Regular expression that matches all specified characters in any order at the start of the line

Question

I'm looking for a regexp that matches any line that contains 'B', 'R', 'A' and 'S' (in any order) at the start. It would match all the following lines, except the last two.

BRASIL
BSRAIL
BARSILERO
BRASILERA
BRASILEÑA
BRASILEÑO
BARBADOS
BOSNIA AND HERZEGOVINA

I tried the following:

^(B|R|A|S){4}.*$
^(?=.*B)(?=.*R)(?=.*A)(?=.*S).*$
^(?=.{4})(?=.*B)(?=.*R)(?=.*A)(?=.*S).*$
^(?=.*B)(?=.*R)(?=.*A)(?=.*S){4}.*$
^(?=.*B){1}(?=.*R){1}(?=.*A){1}(?=.*S){1}.*$

Answer 1

You can use

^([BRAS])(?!\1)([BRAS])(?!\1|\2)([BRAS])(?!\1|\2|\3)([BRAS])

See the regex demo.
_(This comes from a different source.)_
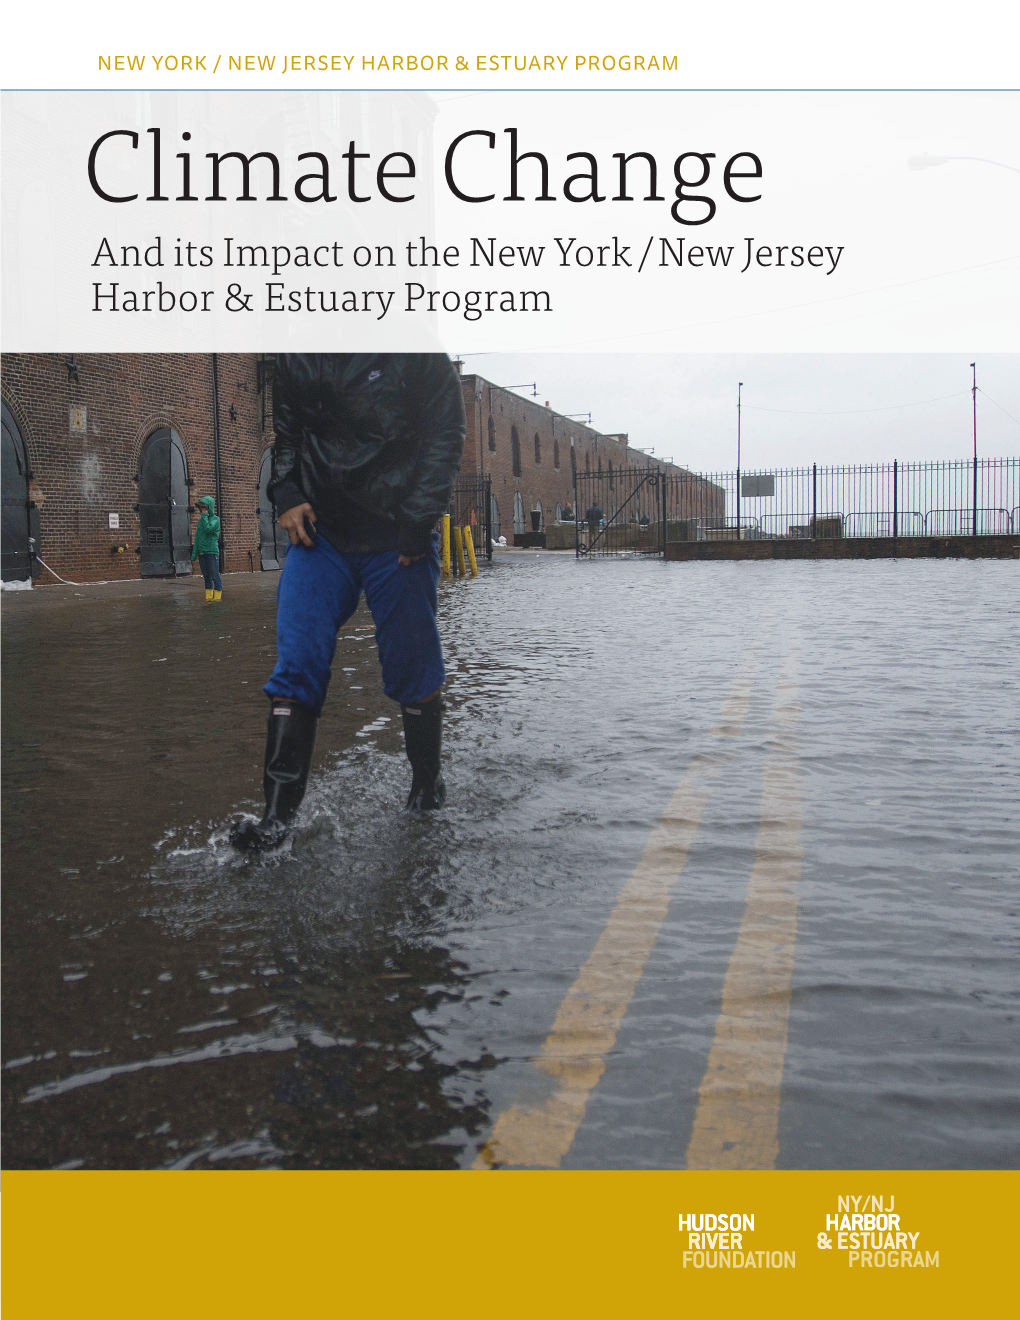 Climate Change and Its Impact on the New York/ New Jersey Harbor & Estuary Program

Details:

• ^ - start of string
• ([BRAS]) - Group 1: B, R, A or S
• (?!\1)([BRAS]) - Group 2: B, R, A or S but not as in Group 1
• (?!\1|\2)([BRAS]) - Group 3: B, R, A or S but not as in Group 1 and 2
• (?!\1|\2|\3)([BRAS]) - Group 4: B, R, A or S but not as in Group 1, 2 and 3.

Note that when using the pattern with MySQL v.8, you need to double the backslashes:

"^([BRAS])(?!\\1)([BRAS])(?!\\1|\\2)([BRAS])(?!\\1|\\2|\\3)([BRAS])"

Answer 2

There are only 24 permutations :)

^(ABRS|BARS|RABS|ARBS|BRAS|RBAS|RBSA|BRSA|SRBA|RSBA|BSRA|SBRA|SARB|ASRB|RSAB|SRAB|ARSB|RASB|BASR|ABSR|SBAR|BSAR|ASBR|SABR)

You can shorten it a bit by grouping pairs of two:

^((AB|BA)(RS|SR)|(AR|RA)(BS|SB)|(AS|SA)(BR|RB)|(BR|RB)(AS|SA)|(BS|SB)(AR|RA)|(RS|SR)(AB|BA))

Each double pair matches 4 inputs, e.g., (AB|BA)(RS|SR) can match:

ABRS
ABSR
BARS
BASR